Alors que j'approche de la longue montée vers le sommet de ladite colline, je suis rejoint par deux coureurs. L'un va filer, et l'autre (en veste jaune) ne va finalement pas beaucoup plus vite que moi et a envie de discuter un peu. On restera plus ou moins ensemble pendant deux heures.
C'est un ancien le gars, il n'a pas trop regardé le profil avant la course, n'a ni montre ni GPS, au feeling ! Je l'informe donc qu'on est parti pour une longue ascension jusqu'au km 22.

Dans la longue grimpette avec mon compagnon de route

Au sommet c'est le top ! On court entre les buis, les petits arbres et les jonquilles en fleur... on fait un beau sport quand même !

Les jonquilles en fleur, rendues un peu tristes par la pluie
S'en suit une longue descente vers le deuxième ravito à l'entrée du joli village de Marsanne, au km 26.
Je reste quatre minutes au ravito. Au programme : remplissage des bidons, grignotage sucré-salé, changement de batterie de la GoPro (qui provoque l'entrée de l'humidité et donc de la buée dans le boitier...).

Sans s'être coordonnés, on repart ensemble, mon acolyte en jaune et moi-même, pour une petite traversée du village de Marsanne. Il en profite pour me demander depuis combien de temps on court (il n'a pas de montre je rappelle). 3h48 lui dis-je.

Dans Marsanne
L'église qui domine Marsanne

Après ce détour pittoresque on retrouve la nature, et les singles grimpant de nouveau sur la montagne (je disais colline tout à l'heure...), jusqu'au col de la Grande Limite, et même un peu plus haut, dans ce monde où des éoliennes géantes vrombissent dans la brume... et où mon compagnon commence à avoir les jambes lourdes. Je ne le reverrai plus.

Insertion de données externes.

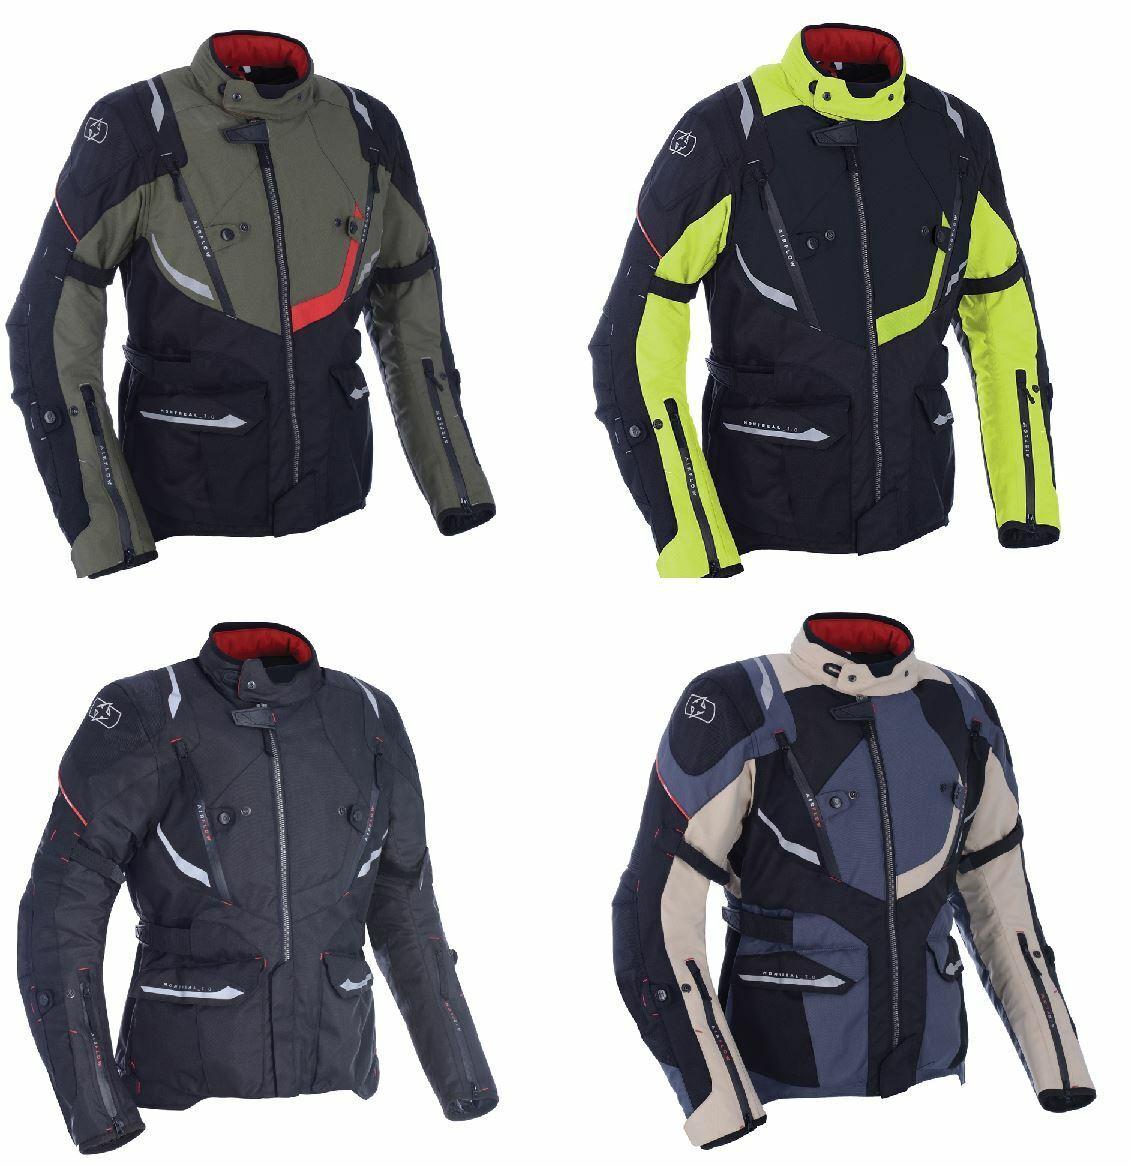 Oxford Montreal 3.0 Motorrad Textiljacke Milit/ärgr/ün 3XL

A partir de là, vers le km 30, le parcours devient plus roulant (sur le papier en tout cas), mais avant de lâcher les chevaux il faut survivre aux chemins aussi boueux qu'en dévers. Pendant quelques centaines de mètres c'est un festival de glissades, de rattrapage en crabe et autres figures de style. Je m'en sors sans tomber et peux profiter des prochains kilomètres, globalement descendants (j'ai bien dit "globalement") pour doubler quelques coureurs (tous très sympas), et arriver encore en bonne forme, avec juste une petite faim, au troisième ravito (km 36). Ca tombe bien, il y a du saucisson et du fromage ! Je reste quelques minutes pour refaire le plein et repars refait avec un petit sandwich à la main !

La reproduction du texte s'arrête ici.